START Data listing
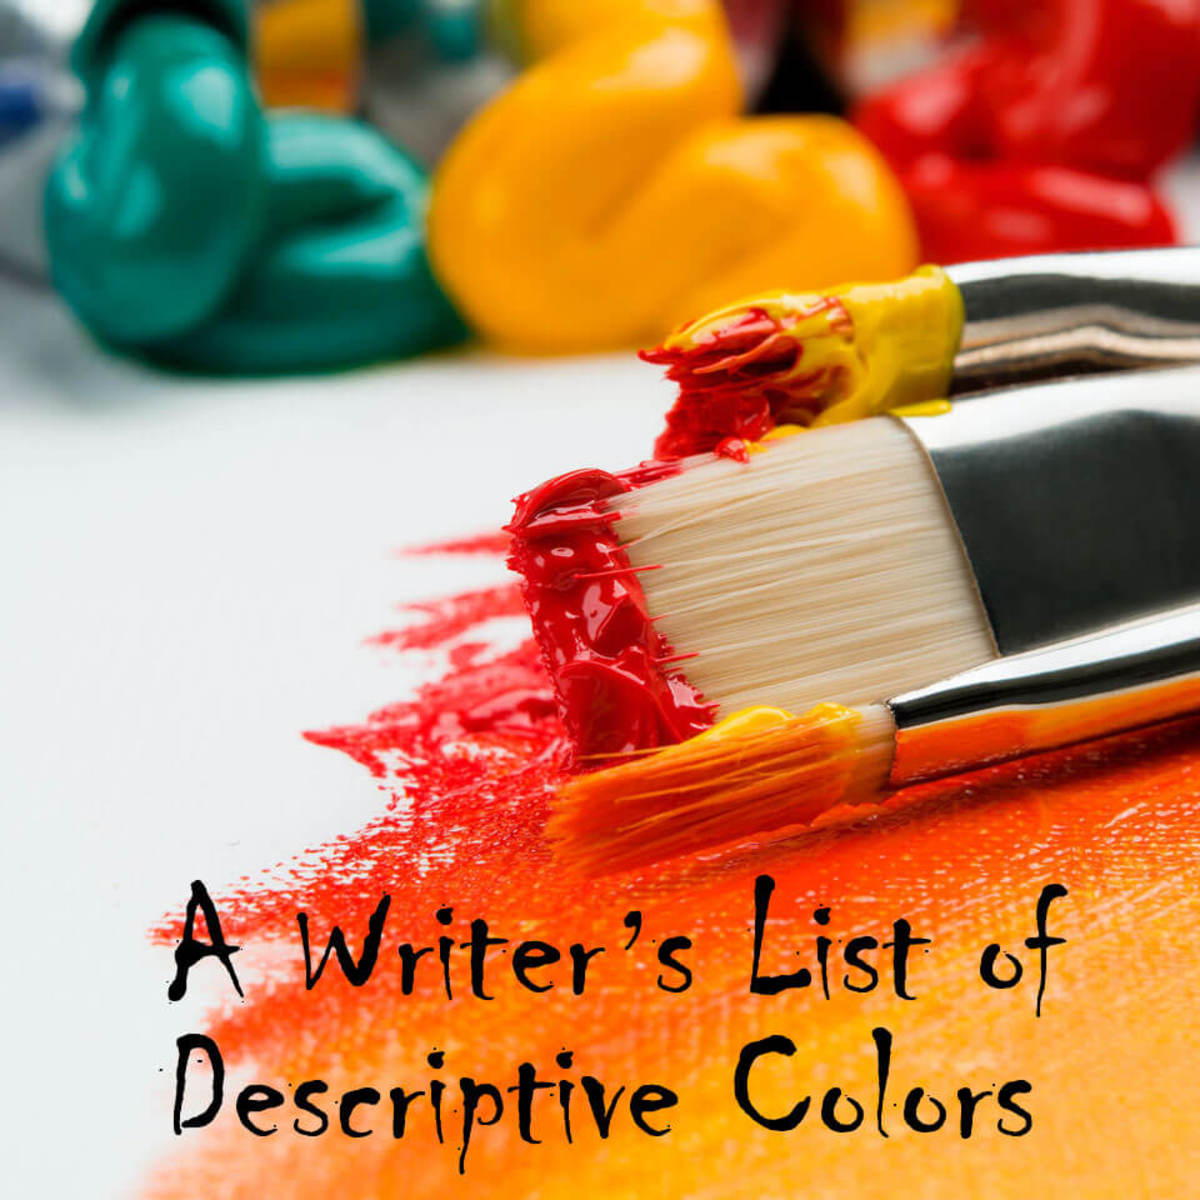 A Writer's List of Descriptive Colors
END Data listing
START Data listing
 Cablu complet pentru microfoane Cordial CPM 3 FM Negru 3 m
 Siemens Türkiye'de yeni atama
END Data listing
START Data listing
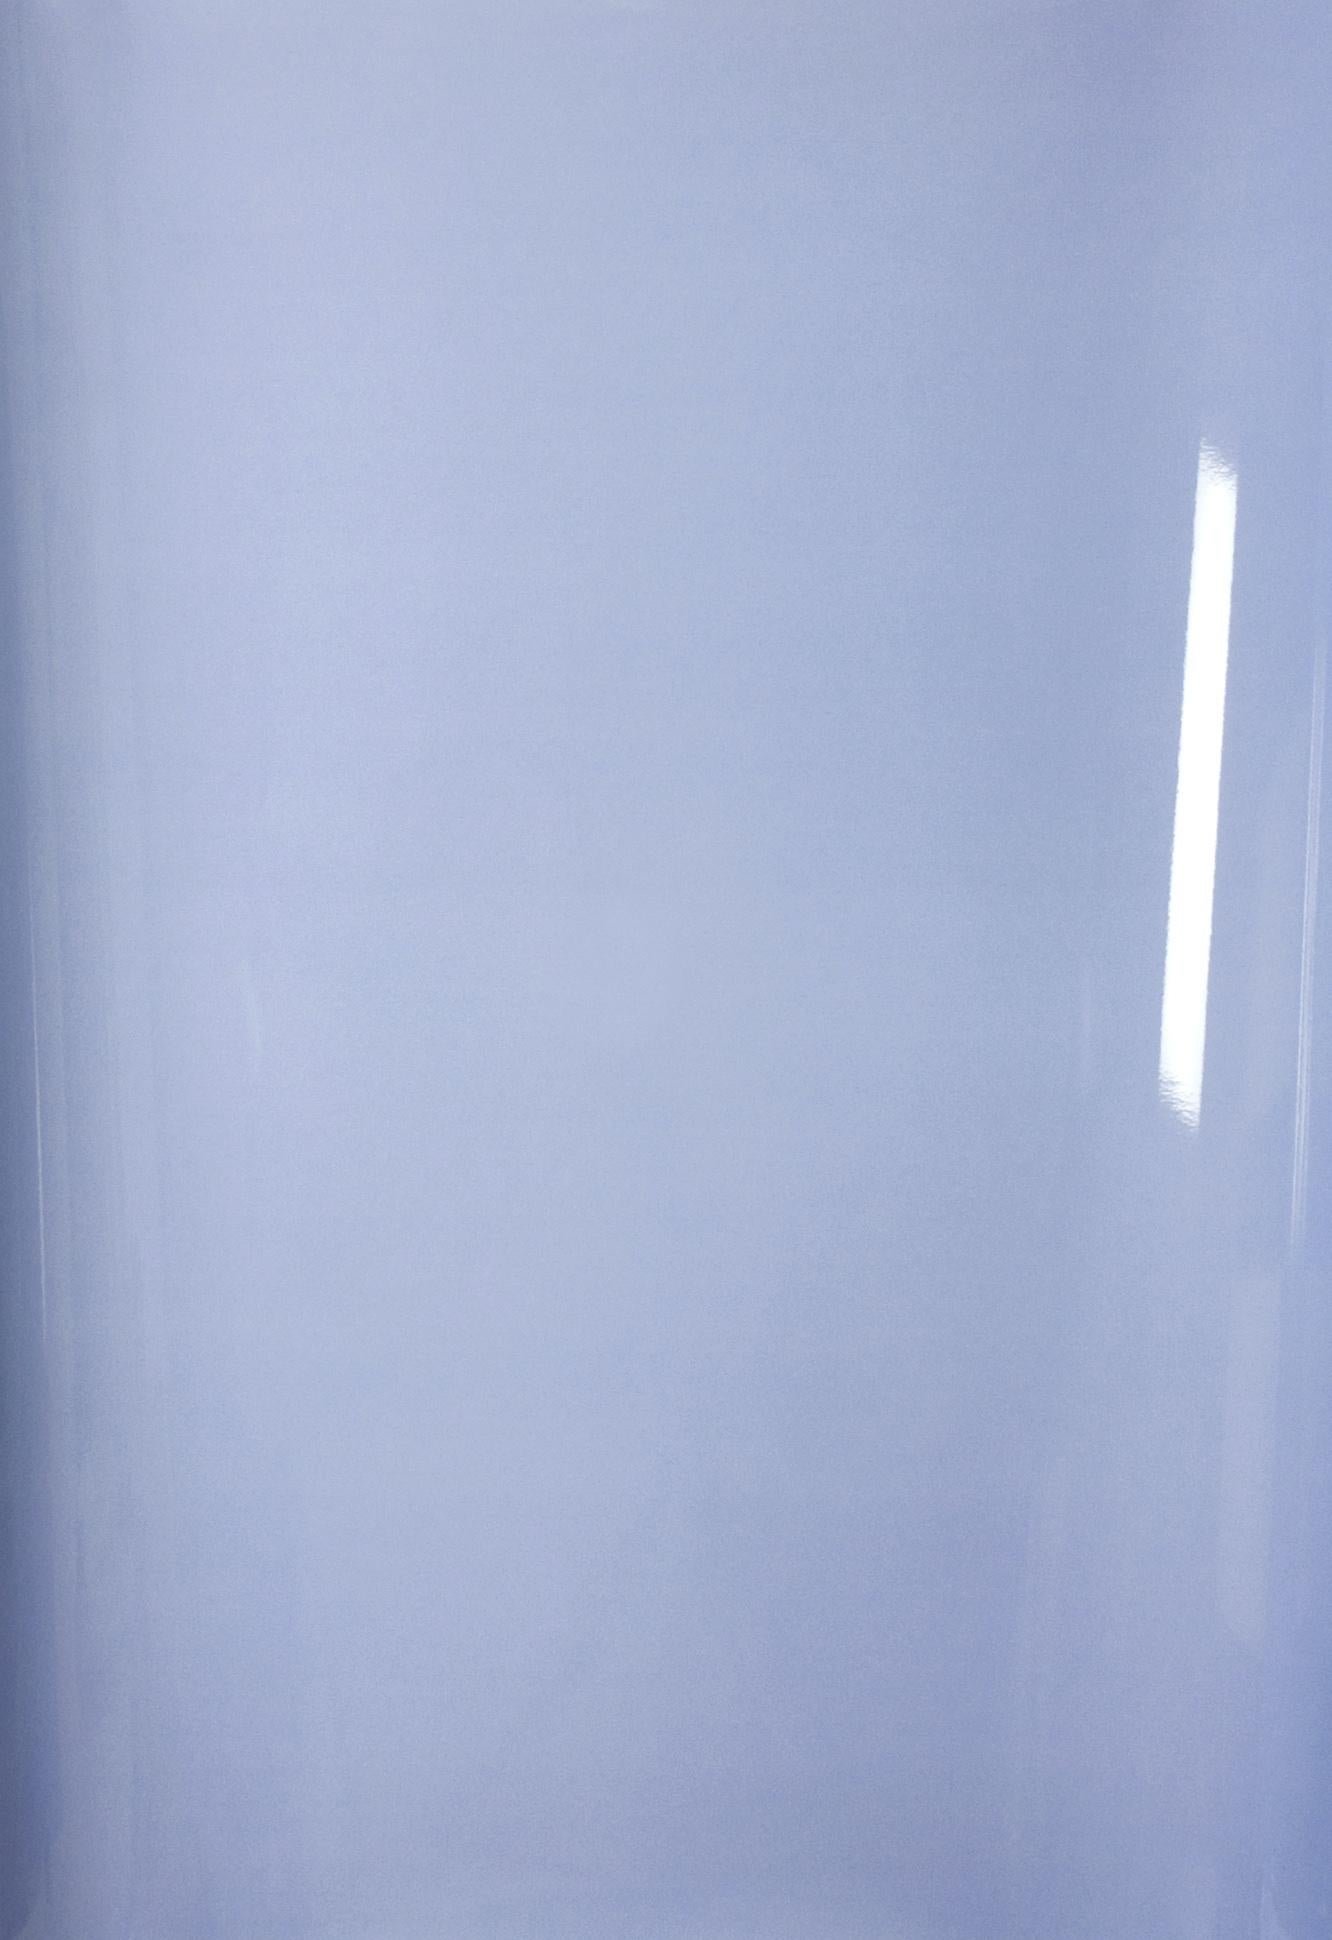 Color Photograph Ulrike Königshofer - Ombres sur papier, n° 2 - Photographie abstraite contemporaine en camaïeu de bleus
END Data listing
What you will do: From the material above, retype precisely the lines between the line holding "Cablu complet pentru" and the line holding "Siemens Türkiye'de yeni atama", inclusive, and nothing beyond them.

Result for this exercise:
 Cablu complet pentru microfoane Cordial CPM 3 FM Negru 3 m
 Siemens Türkiye'de yeni atama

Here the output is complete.